Abstract
Numerous strategies are under development for the correction of deleterious effects of mutations in muscular dystrophies, and these strategies must be validated in compelling models. Cellular models seem straightforward to set up; however, the proliferative capacity of muscle cells isolated from dystrophic patients is limited, and in addition it is difficult to envisage the use of large muscle biopsies from patients to obtain enough cells for ex vivo assessments. To overcome these problems, we have devised a strategy to obtain, from a patient with Duchenne muscular dystrophy (DMD), an inexhaustible source of myogenic progenitor cells with a deletion of exons 49 and 50 in the dystrophin gene. Starting material consisted of dermal fibroblasts isolated from a skin biopsy taken in a noninvasive way. These fibroblasts were first immortalized by telomerase gene transfer. Subsequent cell lines were converted into myogenic cells by means of a lentiviral vector encoding an inducible MyoD construct. Before myogenic induction, engineered DMD fibroblasts were able to proliferate infinitely. Under induction conditions, they were converted into myogenic cells, which differentiated into large multinucleated myotubes. We used these DMD fibroblast cell lines to assess dystrophin rescue by using engineered U7 small nuclear RNAs harboring antisense sequences required to restore an in-frame dystrophin mRNA by skipping exon 51. Further molecular analyses showed dystrophin rescue ex vivo as well as in vivo after engrafting of treated cells into regenerating muscles in immunodeficient mice.
Introduction
The development of new therapies for muscular dystrophies has reached a new momentum and a number of new strategies have been developed to correct the deleterious effects of the mutations. While gene therapy has focused primarily on gene replacement, alternative approaches targeting RNA have emerged, either to downregulate gene transcription or to modulate the processing of target pre-mRNA transcripts, such as in the exon-skipping approach (Goyenvalle et al., 2004; van Deutekom et al., 2007). Pharmacological approaches using specific drugs also provide potential therapeutic avenues as shown by a report using the drug PTC124 (Ataluren), which promotes readthrough of nonsense mutations (Welch et al., 2007).
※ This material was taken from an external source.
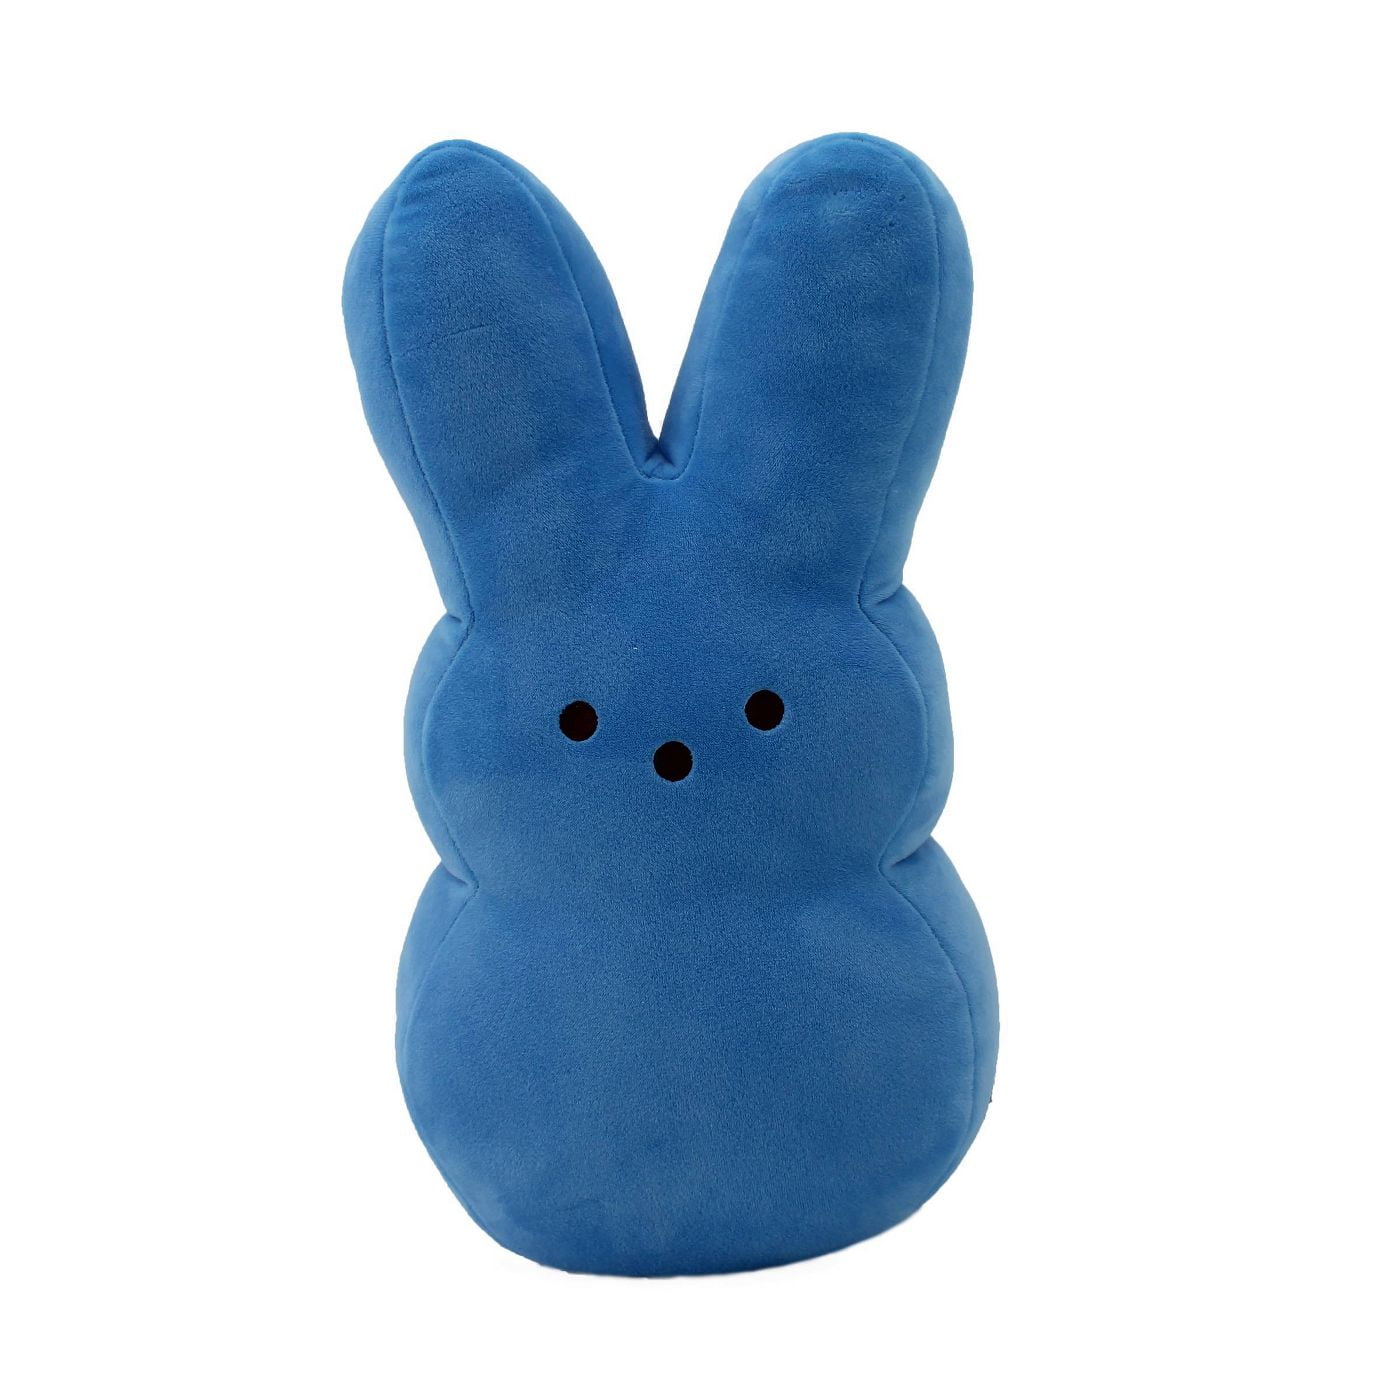 Details about   Peeps Blue Bunny Plush Velour Easter 2015 Just Born Pillow Stuffed Animal 17" 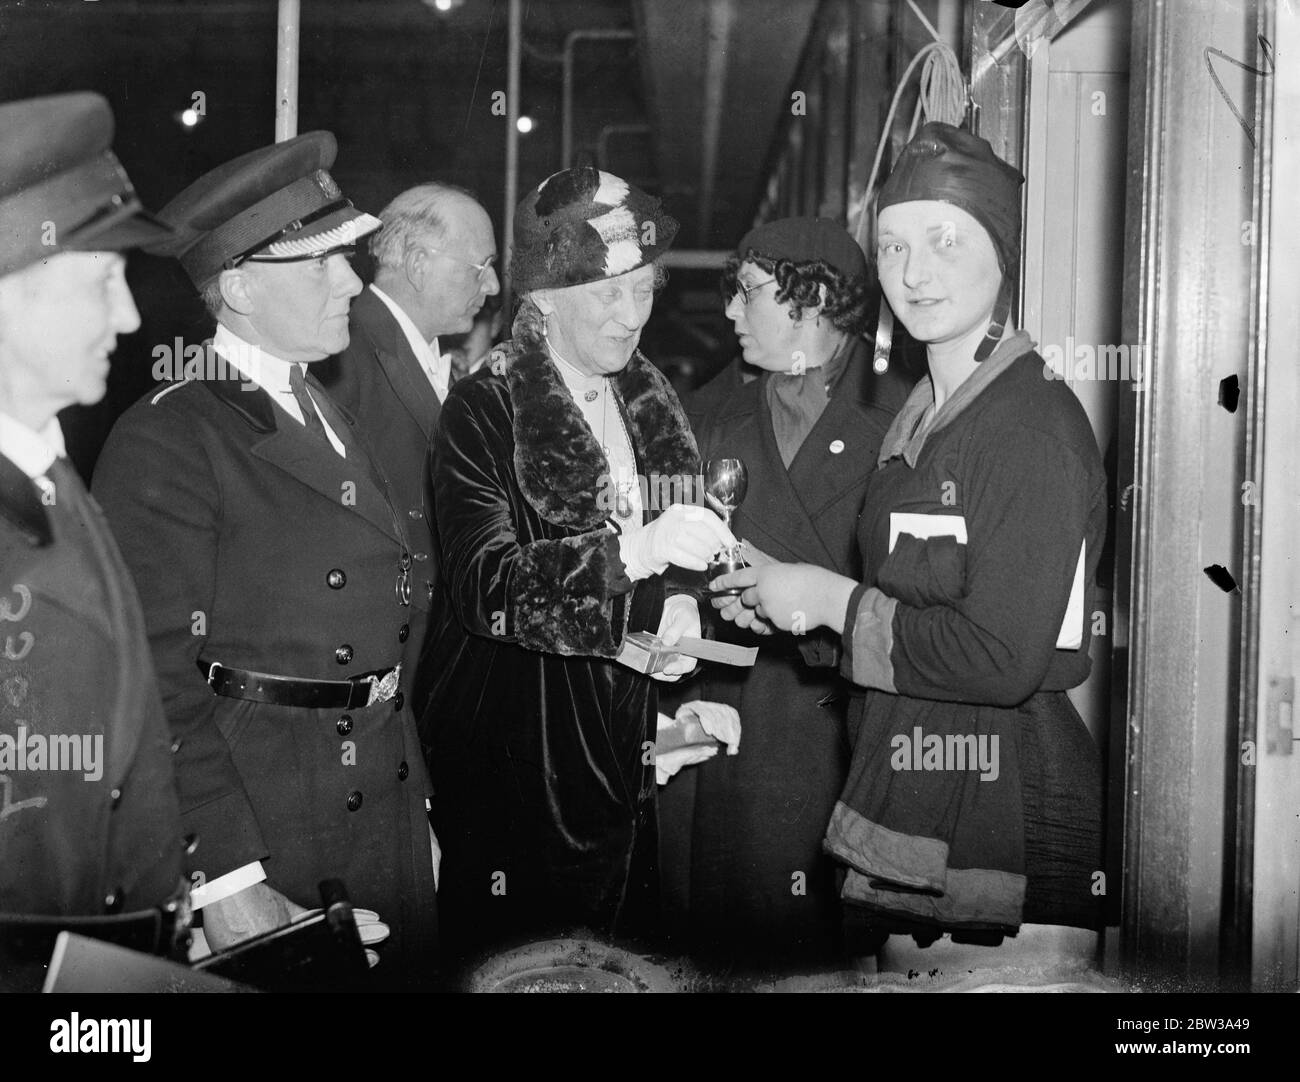 Women ' s reserve hold swimming gala . The women ' s reserve , the recently formed women ' s force under the command of Commandant Mary Allen , held a swimming gala at the Great Smith Street baths , London . Photo shows , Lady Bertha Dawkins presenting a cup to Miss E Pascall , winner of the Ladies open 100 yards handicaps , on the left is Commandant Mary Allen , O B E . 20 April 1934 . Stock Photo

All these therapeutic strategies need to be validated in animal or cellular models. Mice with spontaneous mutations that mimic the human muscle disorders are rare and the sequences of interest are often different from those found in the human disease. Transgenic mice expressing the human mutations can also be made and used to validate strategies, although the mutation and/or the mutated mRNA remain in a murine context. Several transgenic mice have now been developed to investigate the physiopathology of different human muscular dystrophies. However, such models do not exist yet for every mutation, particularly for diseases such as Duchenne muscular dystrophy (DMD), for which numerous mutations have been described (Deburgrave et al., 2007).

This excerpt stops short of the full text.